In another aspect, the present disclosure provides a tumor vaccine containing an expression vector containing a first polynucleotide segment encoding an antigen presenting polypeptide, a second polynucleotide segment encoding a cytokine, where the first polynucleotide segment is operably linked to a constitutive promoter such as the CMV promoter, and the second polynucleotide segment is operably linked to a tumor specific promoter such as the E2F-1 promoter of adenovirus.

In another aspect, the present disclosure provides a tumor vaccine having a host cell containing an expression vector containing a first polynucleotide segment encoding an antigen presenting polypeptide, a second polynucleotide segment encoding a cytokine, and at least one promoter, where the at least one promoter is operably linked to at least one of the first polynucleotide and the second polynucleotide.

In another aspect, the present disclosure provides a tumor vaccine having a host cell containing an expression vector containing a first polynucleotide segment encoding an antigen presenting polypeptide, a second polynucleotide segment encoding a cytokine, where the first polynucleotide segment is operably linked to a constitutive promoter such as the CMV promoter, and the second polynucleotide segment is operably linked to a tumor specific promoter such as the E2F-1 promoter of adenovirus.

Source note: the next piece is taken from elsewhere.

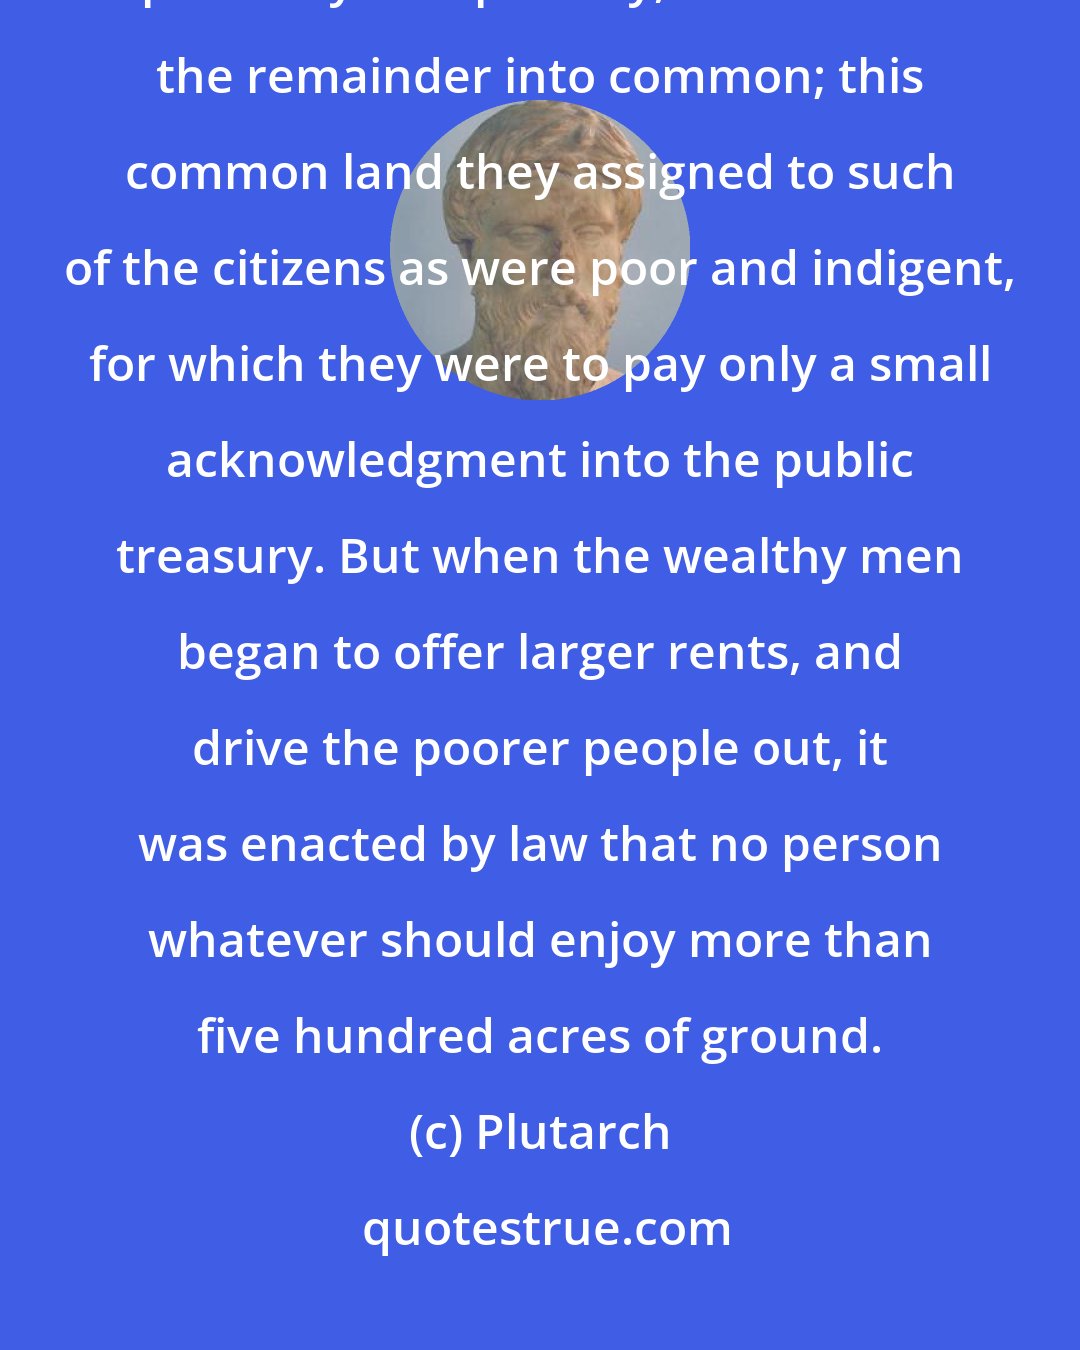 Plutarch: Of the land which the Romans gained by conquest from their neighbours, part they sold publicly, and turned the remainder into common; this common land they assigned to such of the citizens as were poor and indigent, for which they were to pay only a small acknowledgment into the public treasury. But when the wealthy men began to offer larger rents, and drive the poorer people out, it was enacted by law that no person whatever should enjoy more than five hundred acres of ground.

In another aspect, the present disclosure provides a tumor vaccine having virus particles wherein the virus genome contains a first polynucleotide segment encoding an antigen presenting polypeptide, a second polynucleotide segment encoding a cytokine. In certain embodiments, the first polynucleotide segment of the virus genome is operably linked to a constitutive promoter such as the CMV promoter, and the second polynucleotide segment of the virus genome is operably linked to a tumor specific promoter such as the E2F-1 promoter of adenovirus. In certain embodiments, the virus particles are recombinant adenovirus.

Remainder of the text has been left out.